Три раза направив спор в надлежащее русло, Люсьен в конце концов добился успеха, который оказался бы роковым для всякого другого чиновника: он заставил министра замолчать. Его сиятельство в ярости вышел из кабинета, и Люсьен слышал, как он набросился на бедного начальника отделения, которого в ожидании его возвращения дежурный впустил к нему в кабинет.

Грозный голос министра донесся до прихожей, куда выходила потайная дверь кабинета Люсьена. Старый слуга, которого посадил туда министр внутренних дел Крете и которого Люсьен сильно подозревал в шпионстве, вошел к нему без зова.

— Его сиятельству что-нибудь угодно?

— Не его сиятельству, а мне. Я серьезнейшим образом прошу вас не входить сюда без моего звонка.

Таково было первое сражение, которое пришлось выдержать Люсьену.

ГЛАВА СОРОК ВТОРАЯ

Люсьену, между прочим, посчастливилось: он не застал в Париже своего кузена Эрнеста Девельруа, будущего члена Академии моральных и политических наук. Один из членов этой Академии, устраивавший несколько раз в году скучные обеды и располагавший тремя голосами, кроме своего, должен был отправиться на воды в Виши, и г-н Девельруа вызвался сопровождать его в качестве сиделки.
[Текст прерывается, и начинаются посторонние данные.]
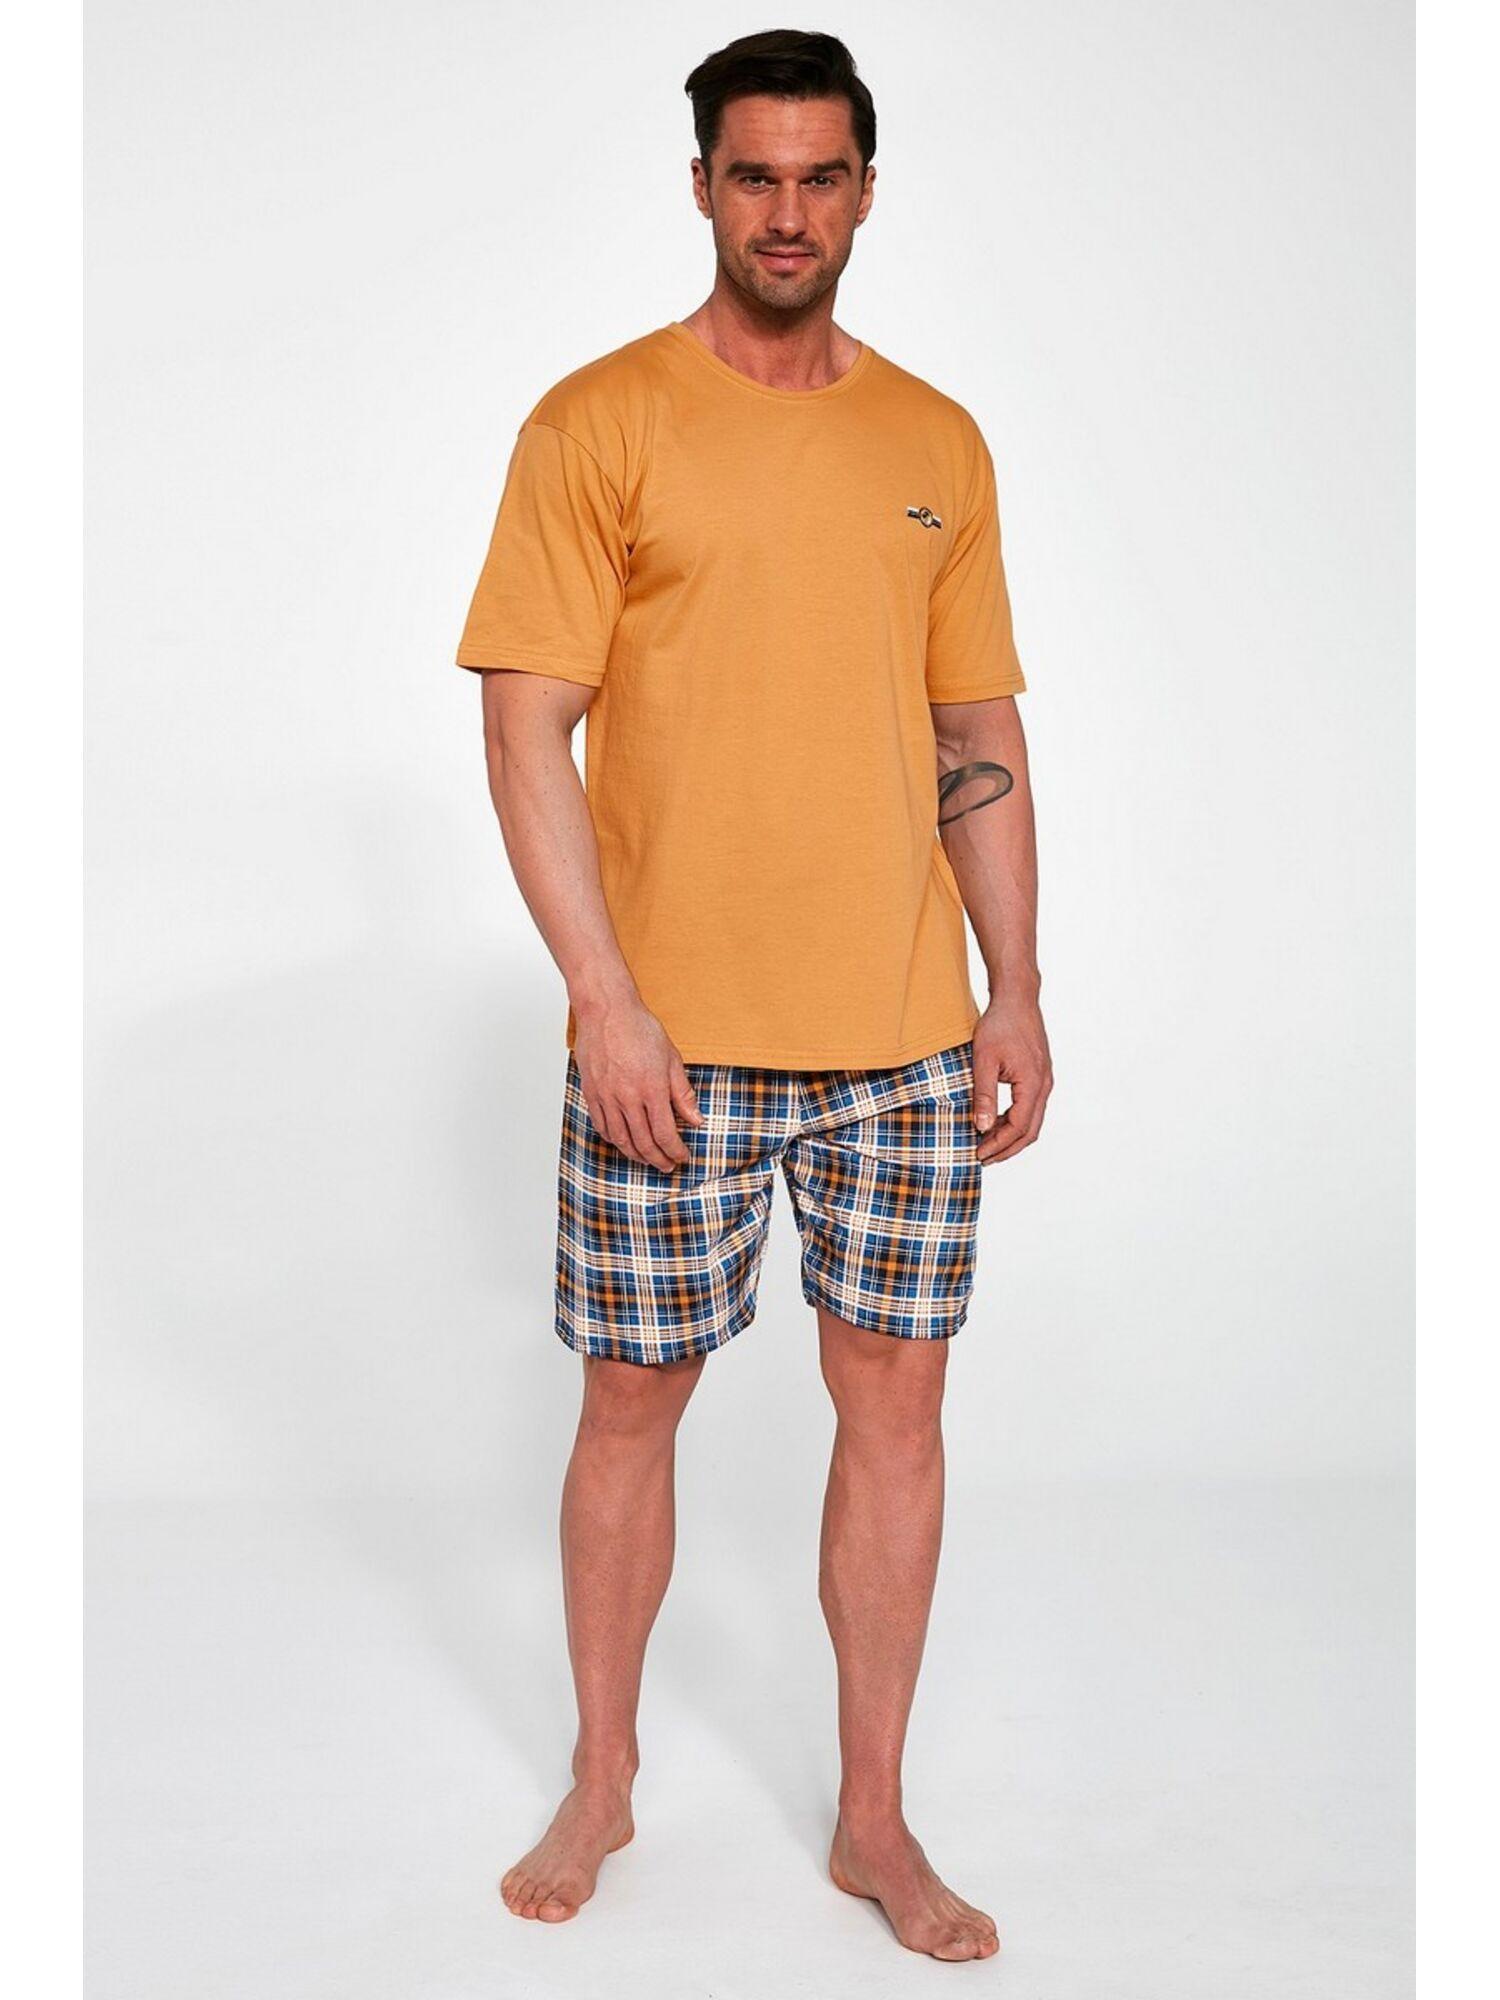 Пижама мужская с шортами 326 MARK, оранжевый, Cornette

Это двухмесячное самопожертвование произвело наилучшее впечатление в Академии. «Вот человек, рядом с которым приятно сидеть», — говорил г-н Боно, пользовавшийся особым влиянием в этих кругах.
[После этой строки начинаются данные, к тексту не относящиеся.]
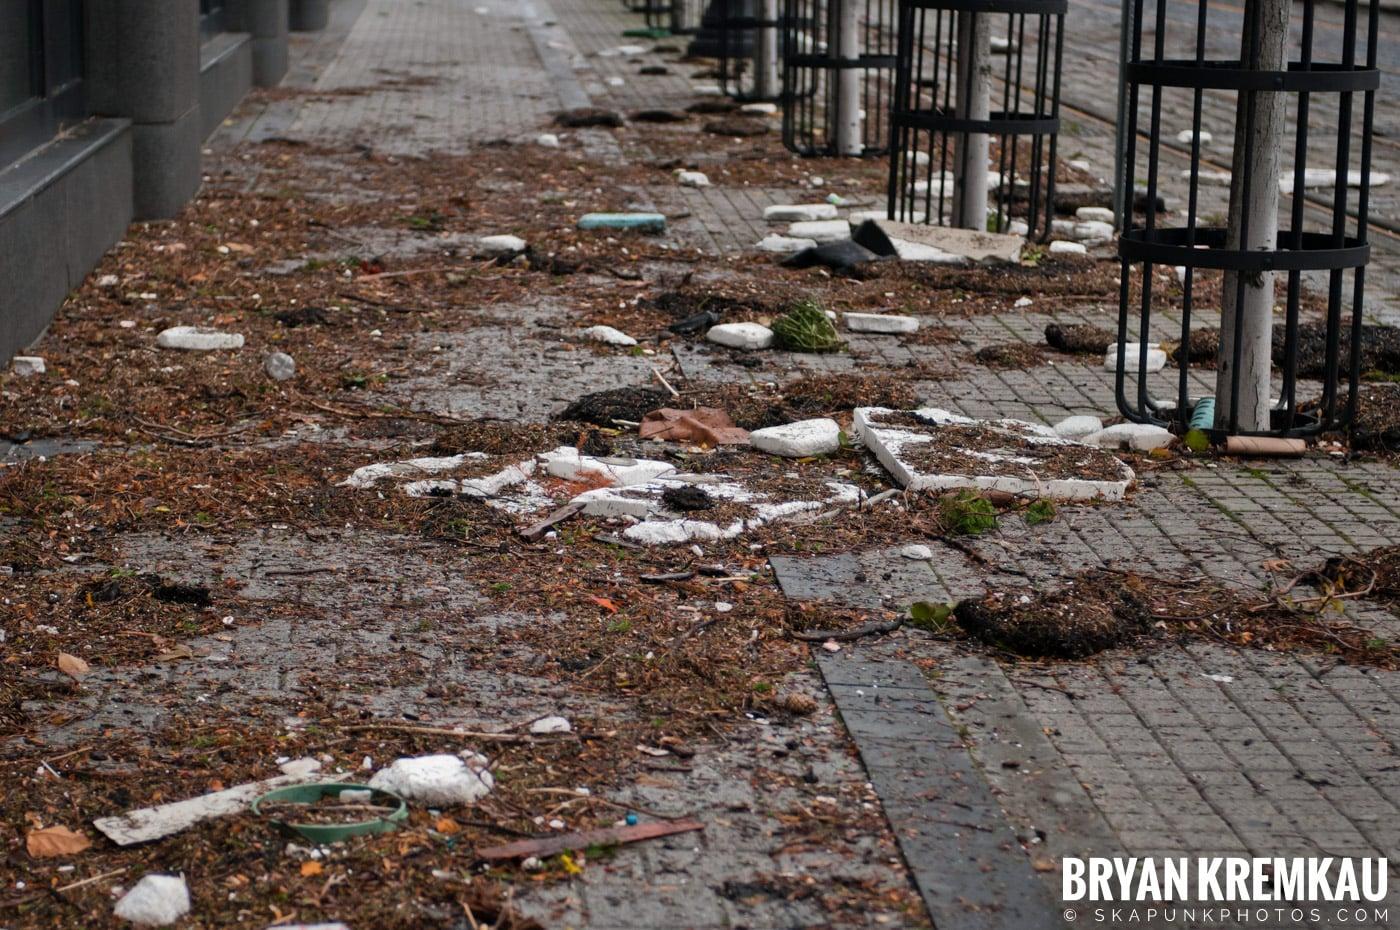 Hurricane Sandy 2012 @ Paulus Hook, Jersey City - 10.29.12 - 10.30.12 (2)

— Поездка Эрнеста в Виши, — заметил г-н Левен, — позволит ему на четыре года раньше быть избранным в Институт.

— Не лучше ли было бы для вас, отец, иметь такого сына? — почти растроганно сказал Люсьен.

— Troppo ajuto a Sant\' Antonio [26],— ответил г-н Левен. — Я все-таки предпочитаю тебя, несмотря на твою добродетель. Меня нисколько не огорчает успех Эрнеста; вскоре он будет получать оклад в тридцать тысяч франков, как философ N., но я хотел бы иметь его своим сыном не больше, чем господина де Талейрана.

В министерстве графа де Веза служил некто г-н Дебак, общественное положение которого несколько походило на положение Люсьена. Он был человек со средствами, и г-н де Вез называл его «кузен», но к его услугам не было влиятельного салона и еженедельных, прославленных на весь Париж обедов, которые могли бы поддержать его положение в свете. Он остро чувствовал эту разницу и решил завязать тесные отношения с Люсьеном.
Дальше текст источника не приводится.